DATA BELOW:
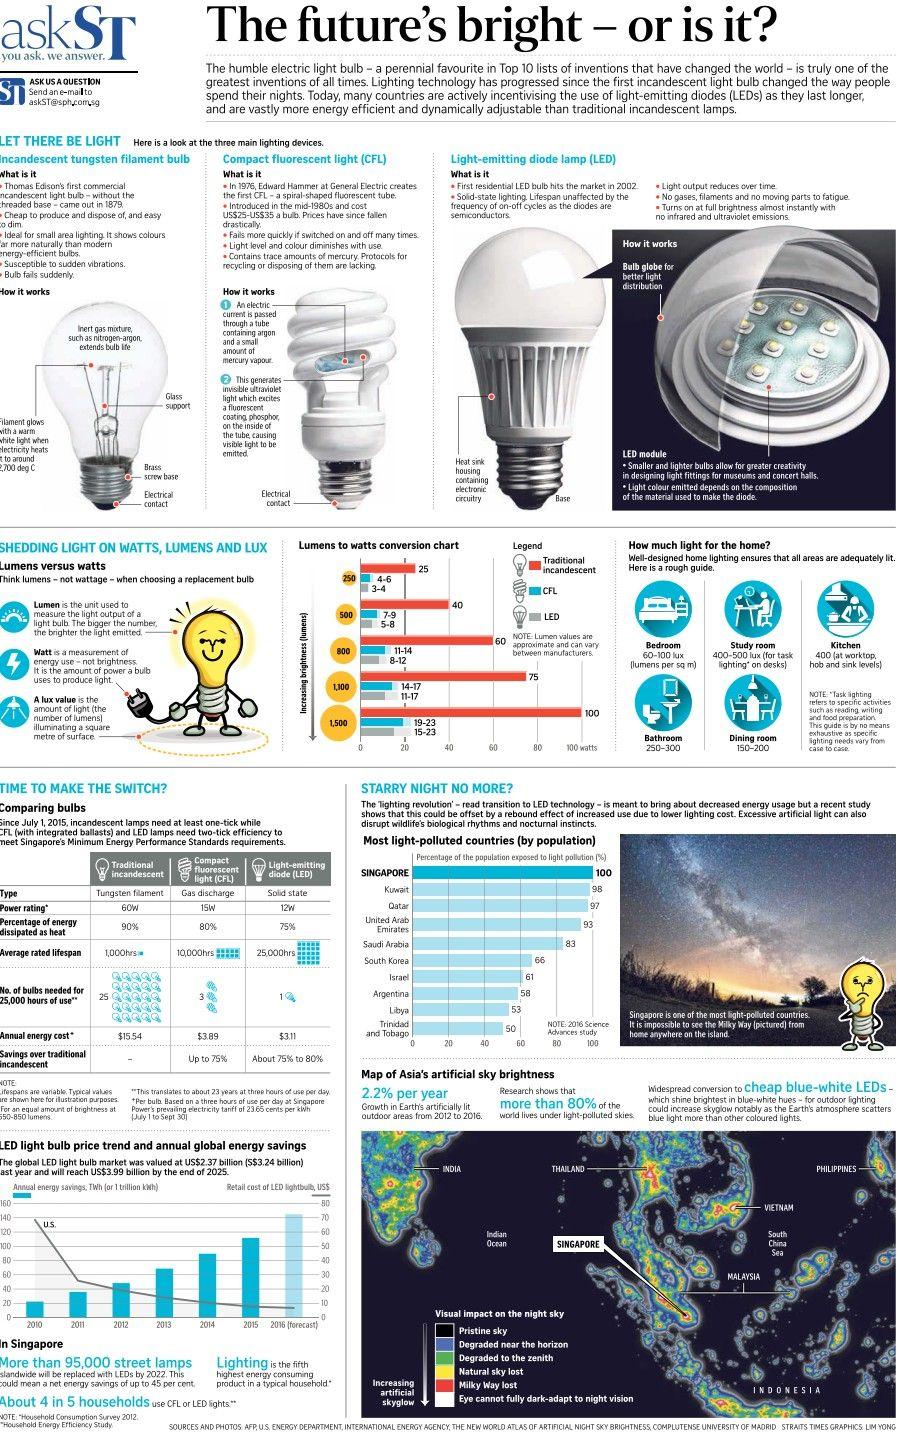 Pin By Meng Yeong On Science Mathematics Formulae Led Light Bulb Light Bulb Bulb
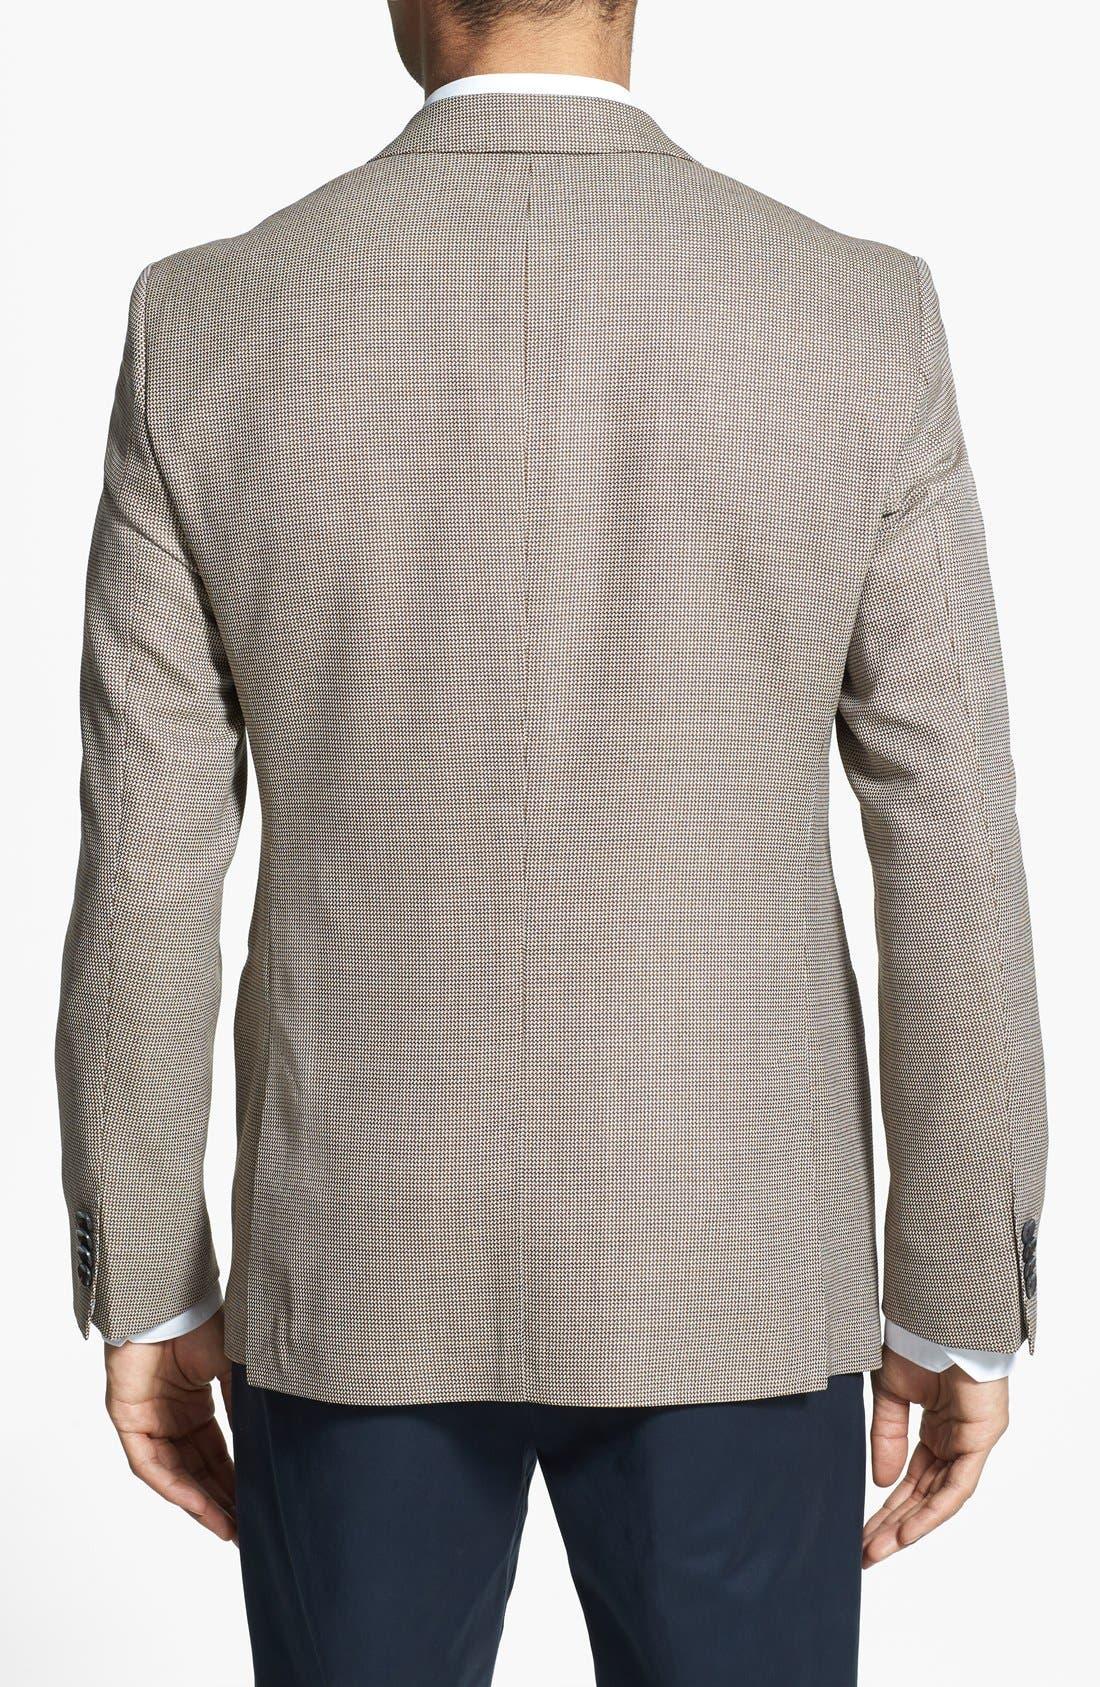 Alternate Image 2  - BOSS HUGO BOSS 'Jarrett' Trim Fit Wool Sportcoat
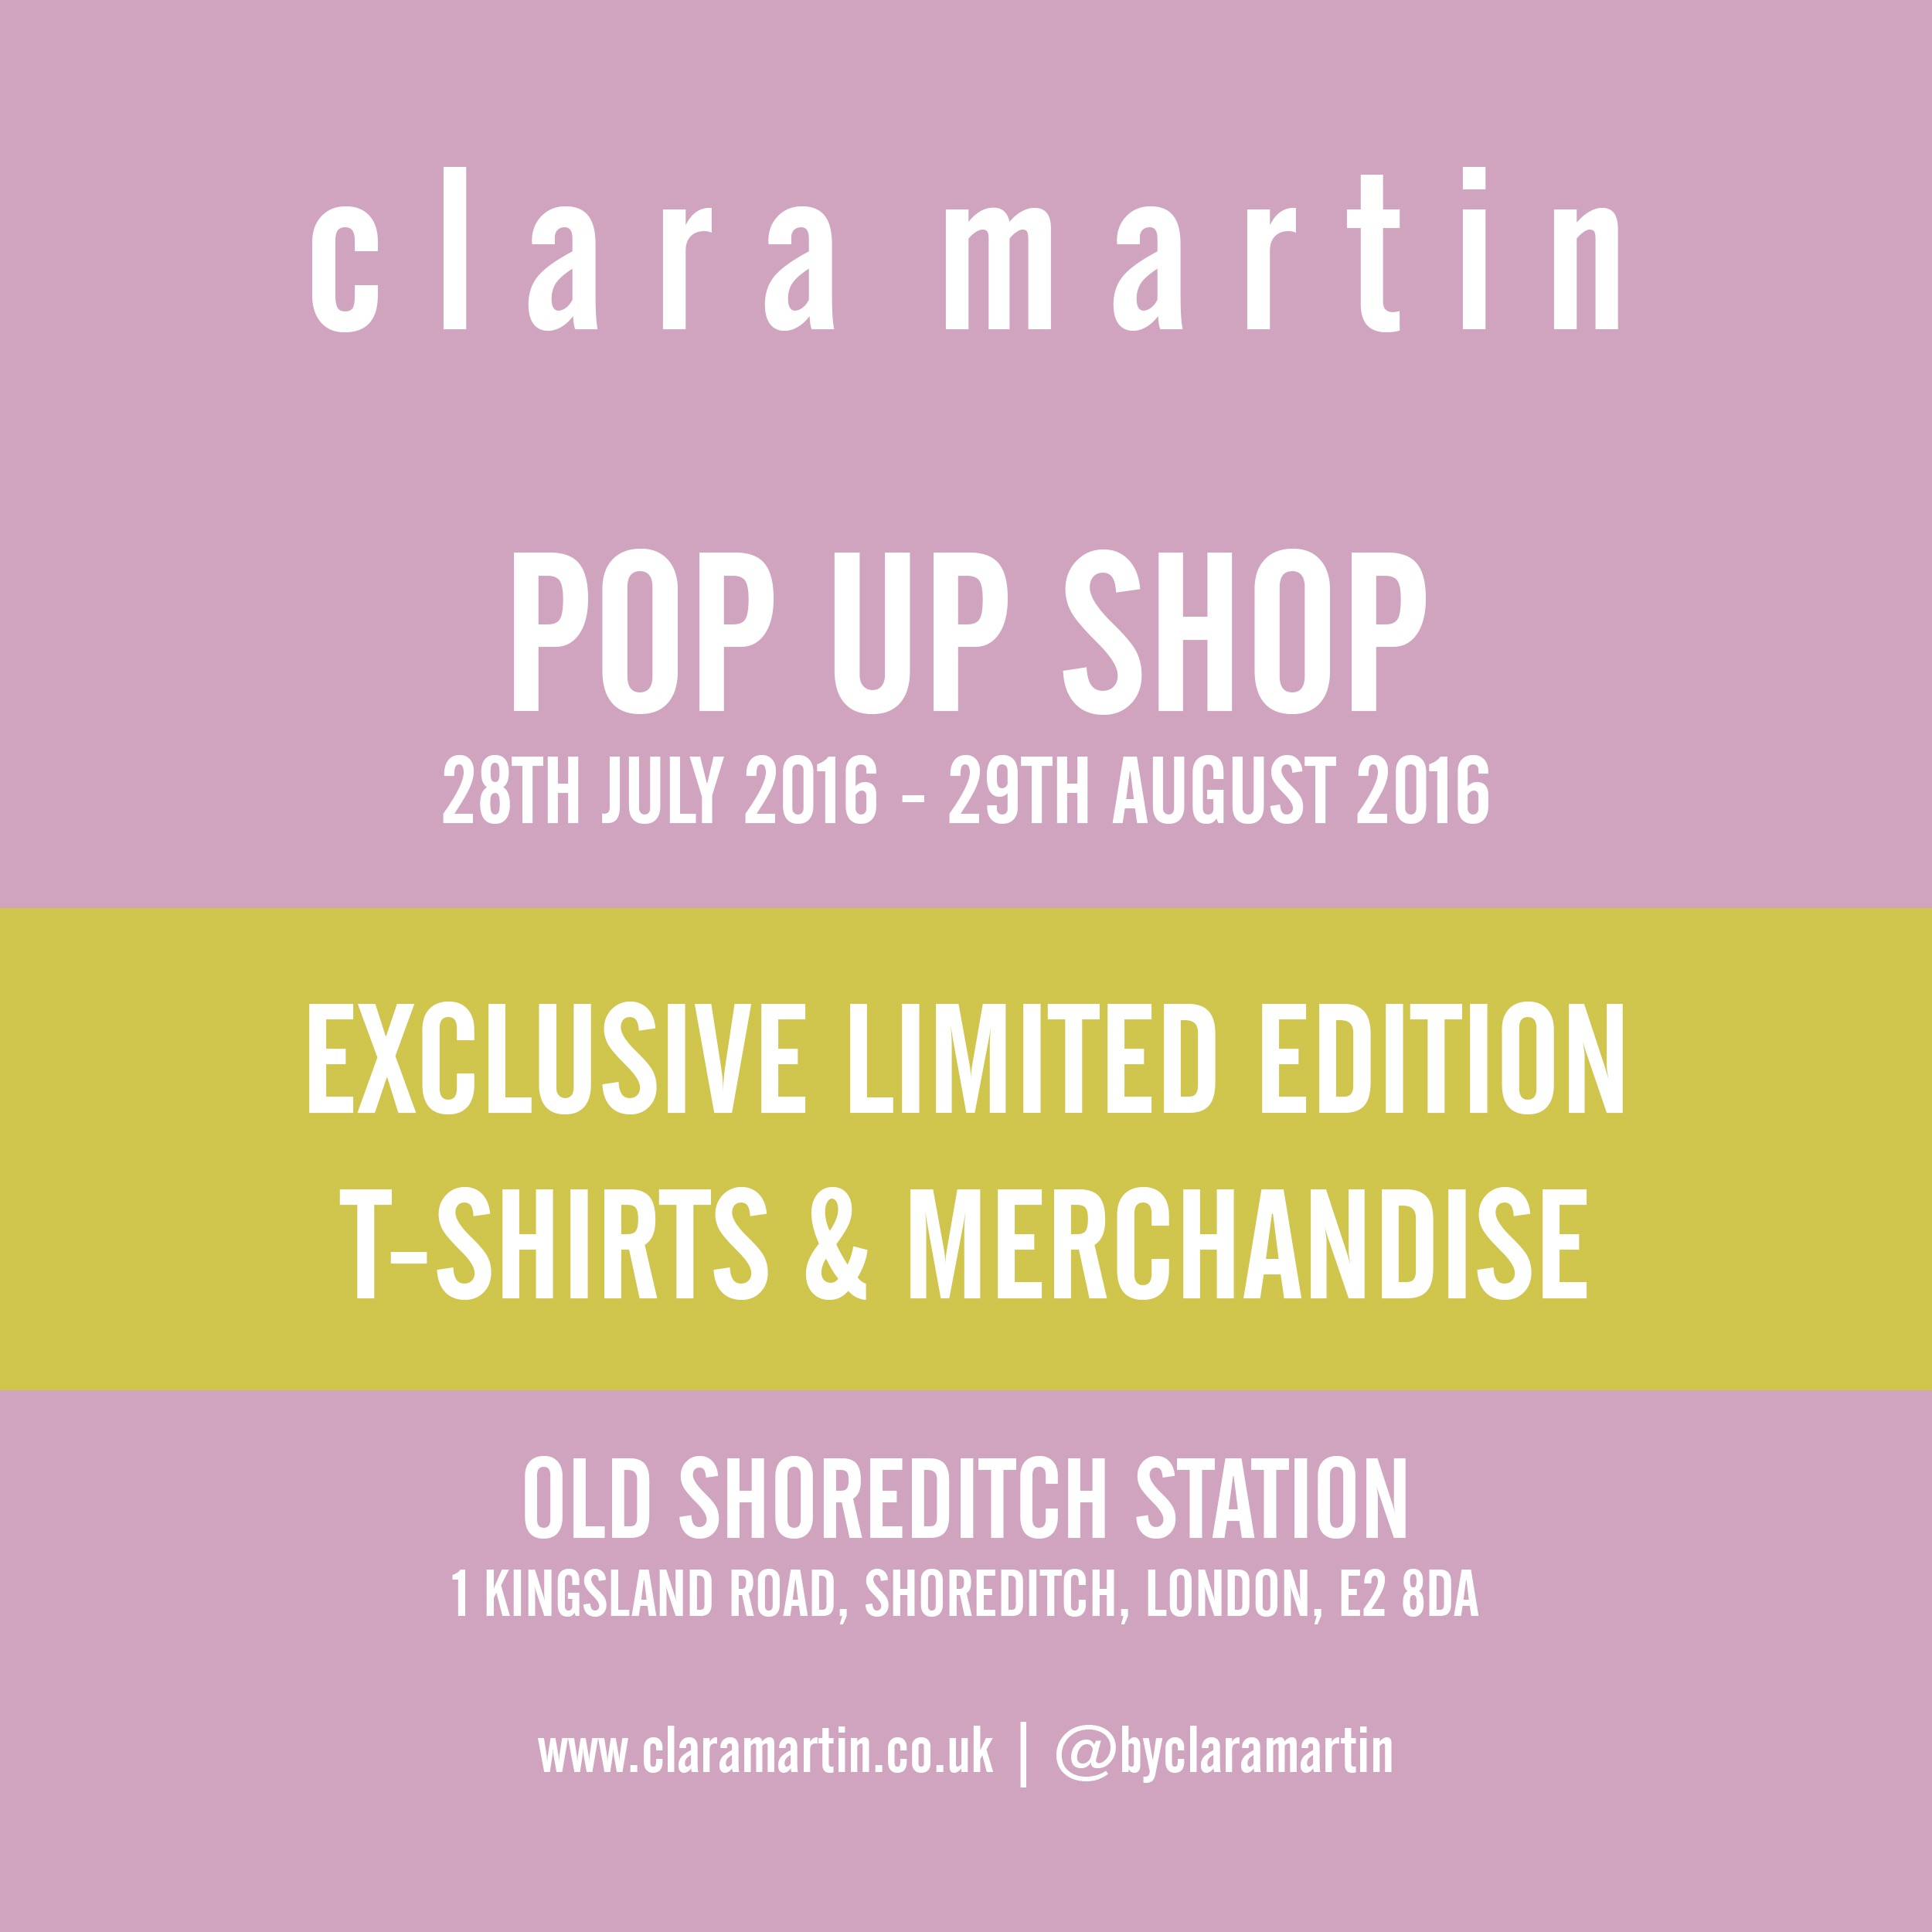 clara-martin-pop-up-invite-2016
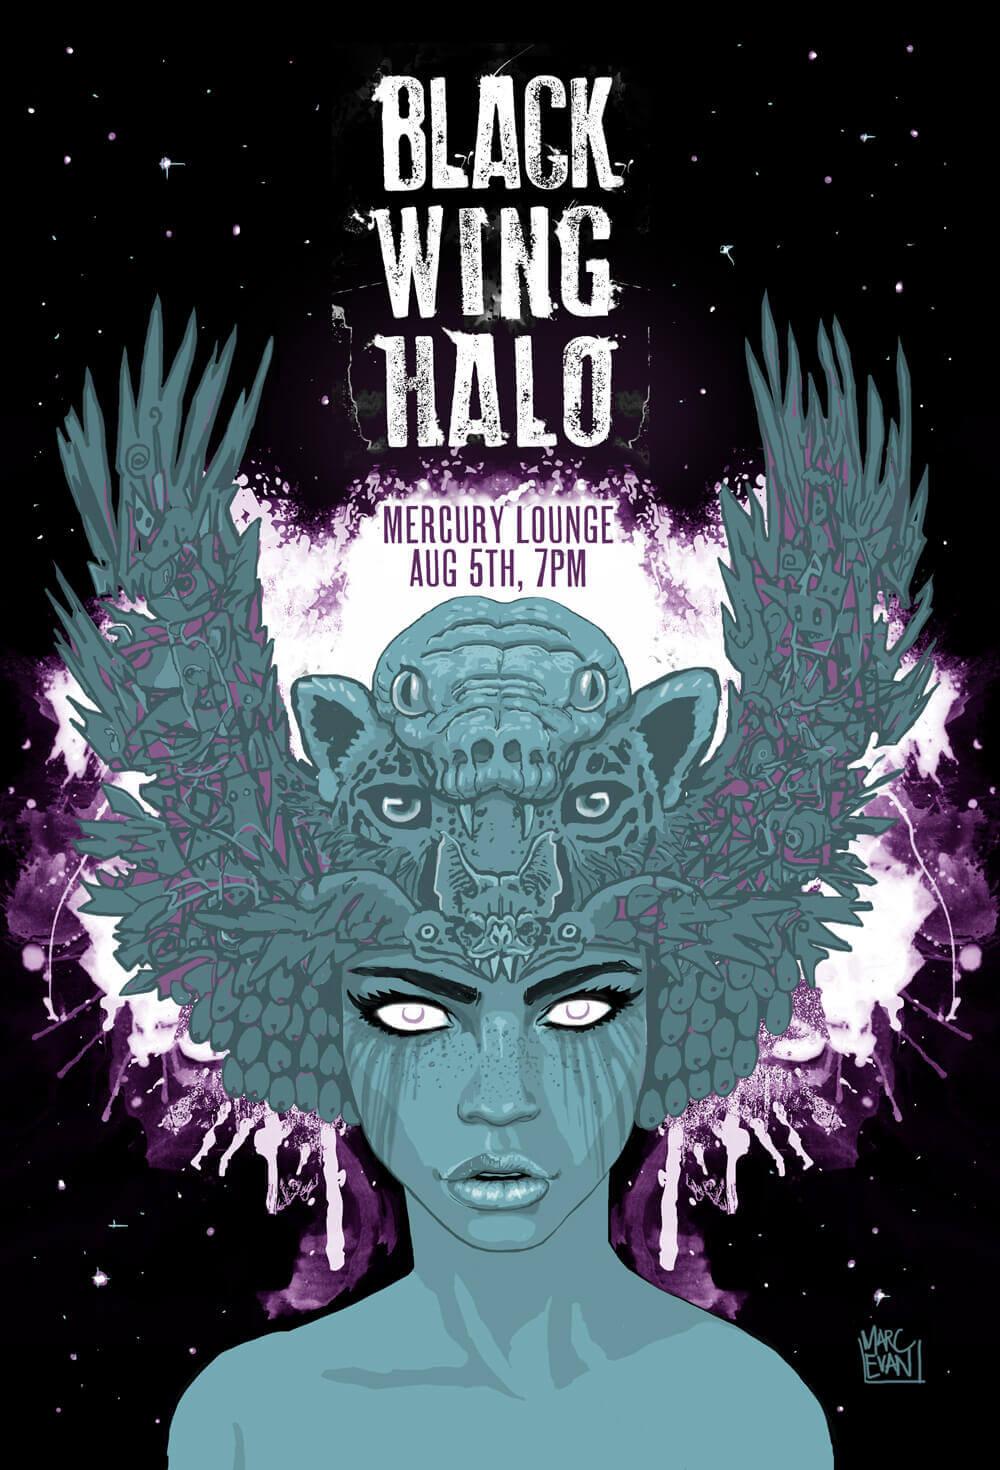 Black Wing Halo by Marc Evan

THE TASK:
Every line above is to be repeated exactly, but no picture is to appear in the copy.

COMPLETED EXERCISE:
 Pin By Meng Yeong On Science Mathematics Formulae Led Light Bulb Light Bulb Bulb
 Alternate Image 2  - BOSS HUGO BOSS 'Jarrett' Trim Fit Wool Sportcoat
 clara-martin-pop-up-invite-2016
 Black Wing Halo by Marc Evan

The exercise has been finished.